This thread has been locked.

If you have a related question, please click the "Ask a related question" button in the top right corner. The newly created question will be automatically linked to this question.

Optimizer terminated abnormally

I'm using code generation toolset v6.1.6 (Linux version) to compile the following code:

 

void function_x(uint32* restrict pui_dst, 

                uint32* restrict pui_hyp_buf, 

                uint32  ui_l)

{

   uint32 ui_i;

 

   if ( ui_l == 0 )

   {

      /*

       * TI: for some unknown reason we have to disable unrolling of this loop

       * when compiling with CGT6.1.6 (Linux), otherwise we get the following:

       *   "Optimizer terminated abnormally"

       */

      #pragma UNROLL( 1 );

      for ( ui_i = 0 ; ui_i < 16 ; ui_i++ )

      {

         pui_dst[ui_i]  = _dotp2(pui_hyp_buf[ui_i], pui_hyp_buf[ui_i]);

      }

   } 

   else 

   {

      for ( ui_i = 0 ; ui_i < 16 ; ui_i++ )

      {

         pui_dst[ui_i] += _dotp2(pui_hyp_buf[ui_i], pui_hyp_buf[ui_i]);

      }

   }

}

 

As stated in the code comment above, this will not compile unless unrolling of the first loop is disabled, otherwise the compiler aborts with the following:

 

>>>> Optimizer terminated abnormally

>>>>    in function _function_x()

>>>>    in file "myfile.c"

 

Compiler options used are:

--opt_level=2 --define=CHIP_6416 --silicon_version=6400

 

Can anyone tell me why this will not compile/optimize?

  • I submitted a compiler bug report on your behalf to support@ti.com with a reference to you post. I included a project that should make it easy for them to duplicate the failure.

    #pragma MUST_ITERATE(16,16,16) also fails, as does using an intermediate variable for the assignment.

    Changing the = to += makes it pass the compiler, but of course that is not a work-around.

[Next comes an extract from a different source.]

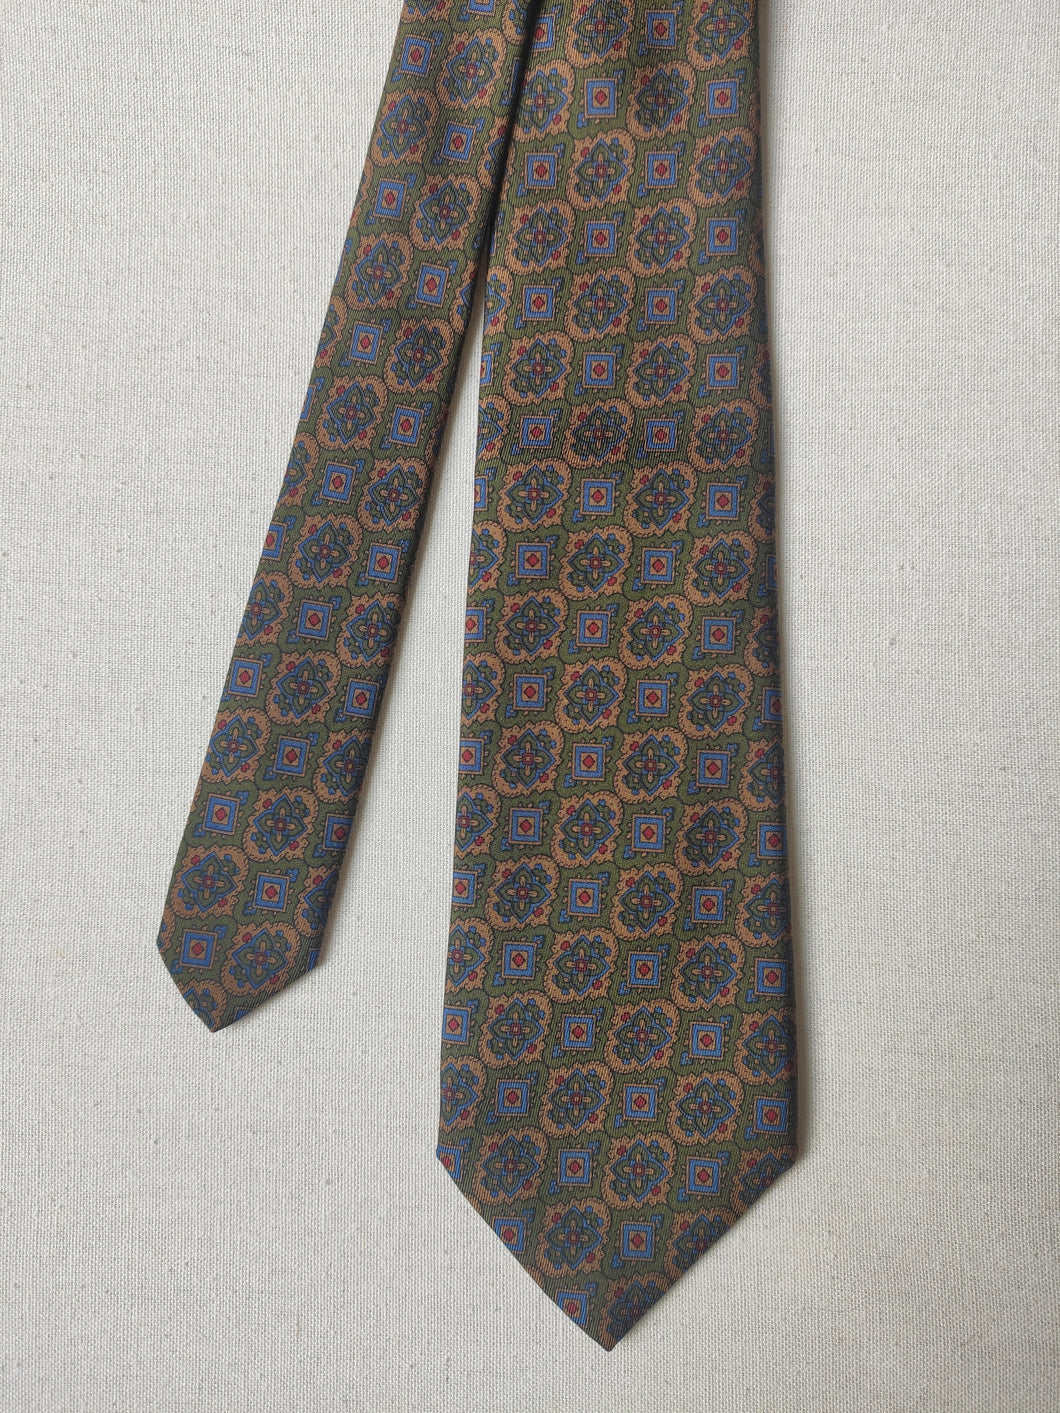 Capel Paris cravate vintage en soie à motif floral Made in Italy

    Since your code seems to be accumulating the DOTP2 results, one workaround may be to clear the dst array when l=0, then always accumulate. I did not try this, but it would make sense to work well. You could use the UNROLL(2) for that accumulation loop, and maybe or maybe not for the clearing loop.

    Would that be an acceptable work-around?

  • I compiled this same source code in CGT v6.1.9 (currently the latest) to make sure the bug was not already fixed and the problem does still exist. As a result I have filed a bug (SDSCM00031482) on it. Hopefully this issue will be fixed in the next release of the code gen package.

    In the meantime please let us know if Randy's workaround suggestion is acceptable.

  • I also tried v6.1.9 and found the same.  Thanks for the suggestions Randy... luckily this particular piece of code is not particularly critical, so we're not too worried about optimization here.  I did find that if I manually unroll the first loop (the entire thing) then the compiler is happy.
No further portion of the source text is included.